Devices are linked with the EHR to facilitate remote patient follow-up. Then the doctors can obtain updated patient data and past records at a glance. The updated data obtained from personal health devices have to reach the clinicians through APIs and platforms that sync with these devices. This can be done through mobile apps. Nowadays, clinical data is sent to health gateways by devices in many formats.
There is a lack of standards for clinical data syncing, and that makes the task for developers tedious. They have to develop code for plenty of devices. It is necessary to tweak FHIR standards so that a common format can be developed and that can be used by a multitude of devices. Remote patient monitoring makes use of 3 main FHIR resources- Observation, Device, and Patient.
Types of data
The data gathered from patient health devices can be of 6 types.

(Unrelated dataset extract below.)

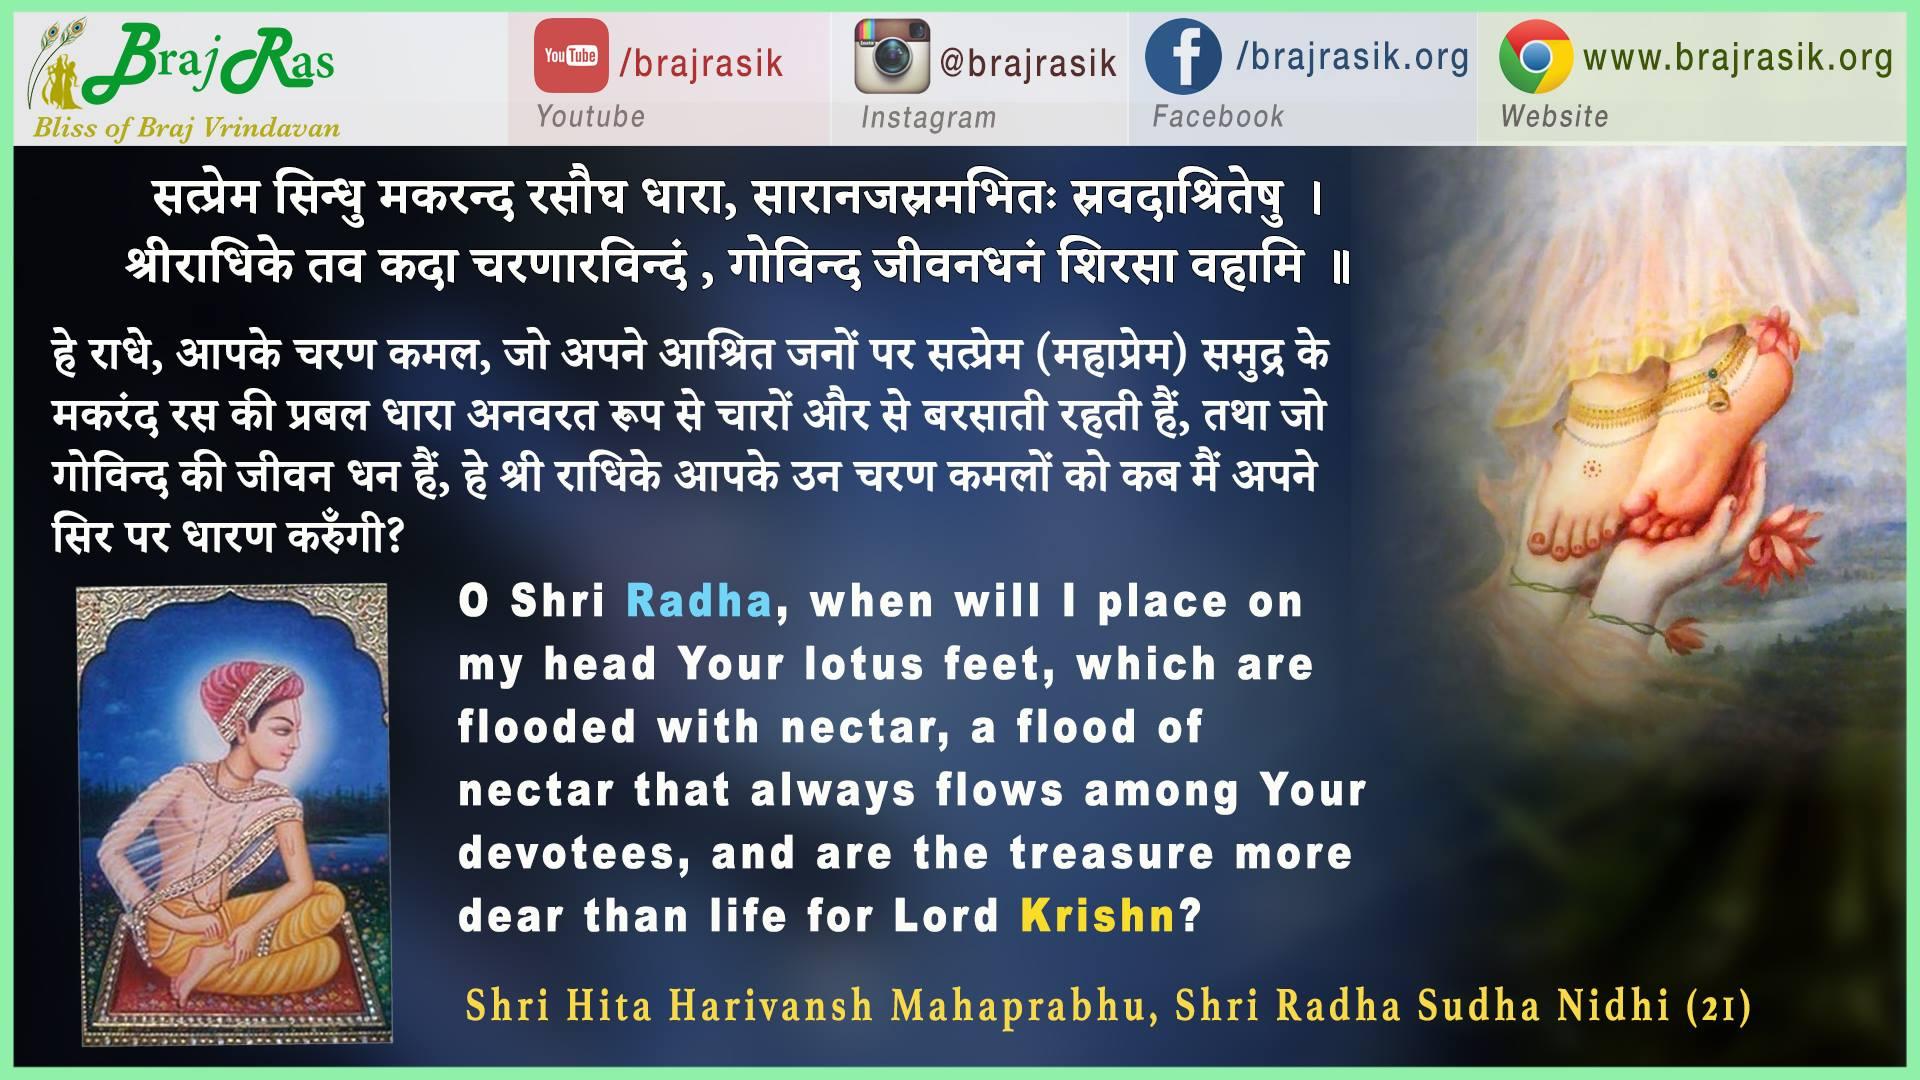 Sat Prema Sindhu Makaranda Rasaugha Dhara - Shri Radha Sudha Nidhi (21)

- Scalar- Measurements with a single field – weight, steps, temperature, glucose level, and pulse, etc.
- Vector- Measurements with two values like BP and acceleration.
- Event/state– Measurement used for applications monitoring– like a humidifier status.
- Code- Contextual measurements- like fasting glucose levels.
- Waveform- Periodic data like ECG traces.
- String- Used for showing text format measurements.
There is no denying that the pandemic has acted as a catalyst for the remote patient monitoring sector. The remote patient observation devices are selling like hotcakes. However, there is a need to smoothen the existing hurdles. The CIOs need to choose such devices and applications wisely. The implementation of remote patient monitoring systems should be done in a systematic, well-planned manner while utilizing the inputs of involved parties. Streamlining the FHIR standards for smoother data sync and exchange between medical devices and telehealth setups is also necessary.